In step IV the *M P* matrices are then averaged to generate the average proximity matrix *P*_{M} = {*p*_{M}(*i*,*j*)} (*N* × *N*) (Fig. 1*B*). Each element of *P*_{M} thus ranges from 0 to 1. More information on this process is provided in *SI Appendix*, Fig. S3.

High proximities are typical of intracluster relationships, whereas low proximities are expected for intercluster relationships. Very low proximities between samples are ignored by setting *p*_{M} = 0 for *p*_{M} *< ε*, where *ε* is a predefined cutoff. This ensures that occasional proximities between two otherwise unrelated samples are not taken as meaningful. We set *ε* = 0.05 as a default value. Then the Euclidean distances *d*(*i*,*j*) are calculated in the *f*-dimensional space between the *N* samples. By multiplying 1/*p*_{M}(*i*,*j*) by *d*(*i*,*j*), a weighted dissimilarity matrix *D*_{w} *=* {*d*_{w}(*i*,*j*)} (*N* × *N*) is obtained. For all *P*_{M} elements *p*_{M}(*i*,*j*) equaling 1, the corresponding *d*_{w}(*i*,*j*) elements equal the Euclidean distance. For 0 < *p*_{M}(*i*,*j*) < 1, *d*_{w}(*i*,*j*) represents a distance weighted by the probability that *i* and *j* belong to the same class. If *p*_{M}(*i*,*j*) = 0 then *d*_{K}(*i*,*j*) = ∞.
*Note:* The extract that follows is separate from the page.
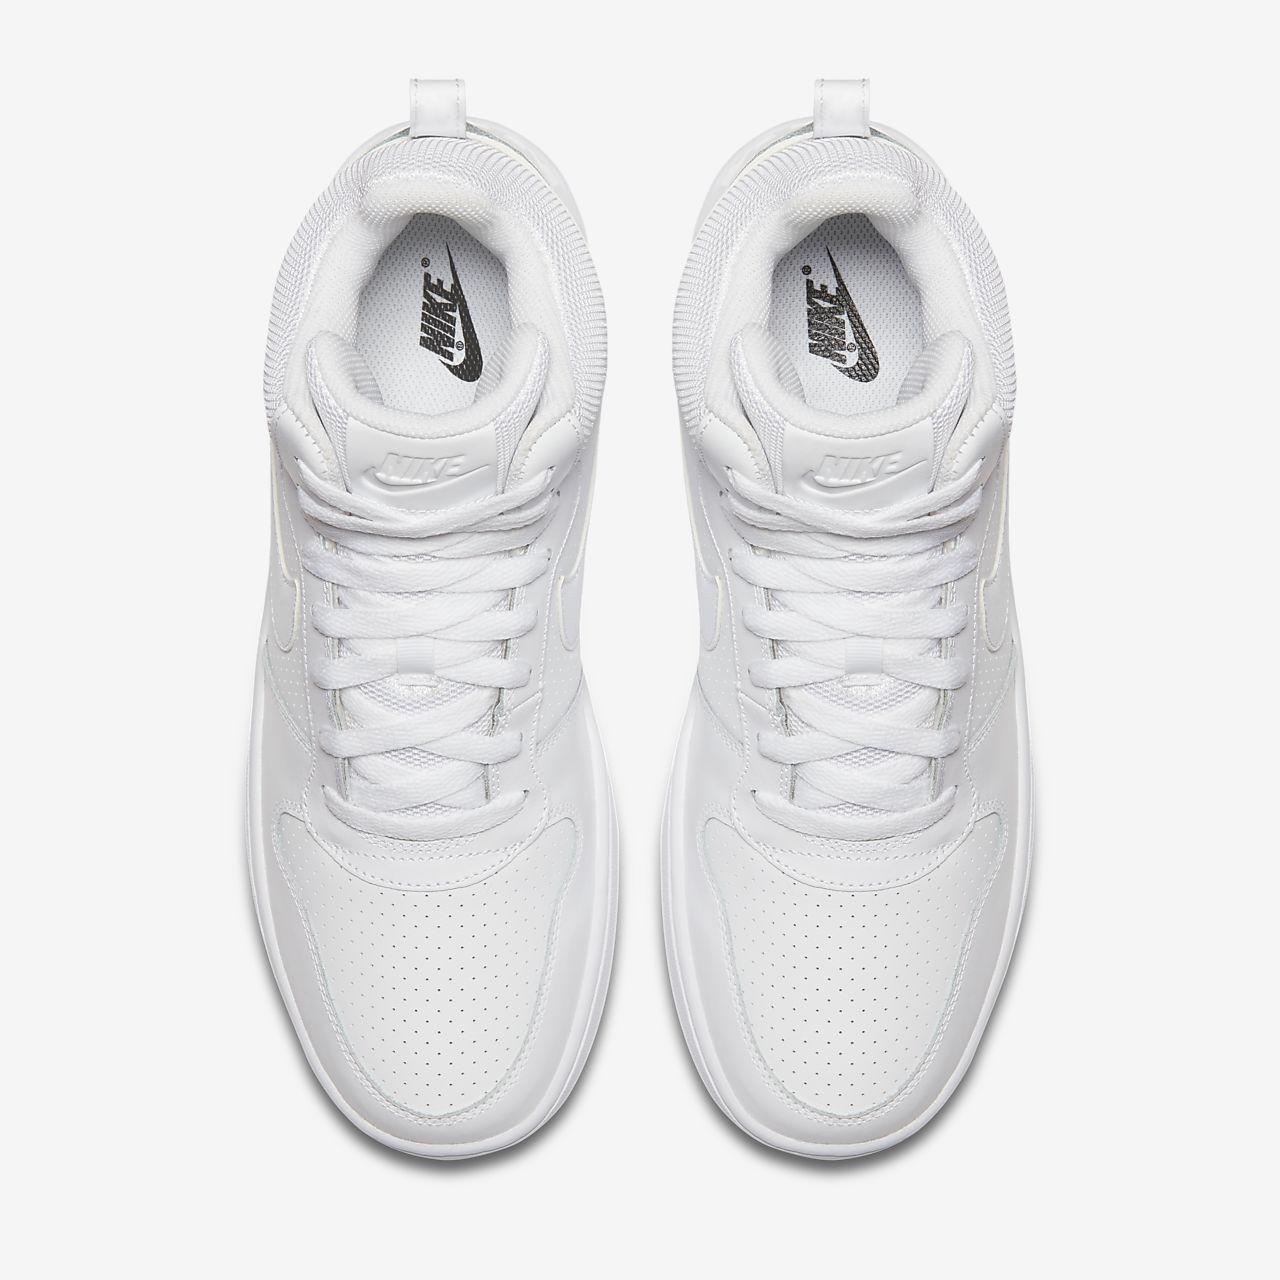 050da67cbf64 Chaussure NikeCourt Borough Mid pour Homme. Nike.com FR

In step V, the final KODAMA dissimilarity matrix *D*_{K} is calculated by applying Floyd’s algorithm (18) to find the shortest path distances between all pairs of points (Fig. 1*C*): For each value of *h* = 1,2,…,*N* in turn, all entries *d*_{K}(*i*,*j*) are defined as *d*_{K}(*i*,*j*) *= min*[*d*_{w}(*i*,*j*), *d*_{w}(*i*,*h*) *+ d*_{w}(*h*,*j*)]. The final *D*_{K} = {*d*_{K}(*i*,*j*)} contains the shortest path distances between all pairs of points. This is a way to capture the global topology of the manifold embedded in the data, as reported in a previous study (11).

### Initializing and Constraining.

The KODAMA procedure can be started by different initializations of the vector *W.* Without any a priori information the vector *W* can be initialized, as described above, with each *w*_{i} being different from the others (i.e., each sample categorized in a one-element class). Alternatively, the vector *W* can be initialized by a clustering procedure, such as *k*-means, *k*-medoids, or hierarchical clustering. Finally, supervised constraints can be imposed by linking some samples in such a way that if one of them is changed the linked ones must change in the same way (i.e., they are forced to belong to the same class). This will produce solutions where linked samples are forced to have the lowest values in the KODAMA dissimilarity matrix.

### Optimization of the Parameters.

As described above, KODAMA contains adjustable parameters (*φ*, *T*, *M*, and *ε*). These parameters do not show remarkable effects if changed within reasonable ranges. Their proposed default values are shown in *SI Appendix*, Table S1. We describe their optimization as default values in *SI Appendix* and *SI Appendix*, Fig. S4.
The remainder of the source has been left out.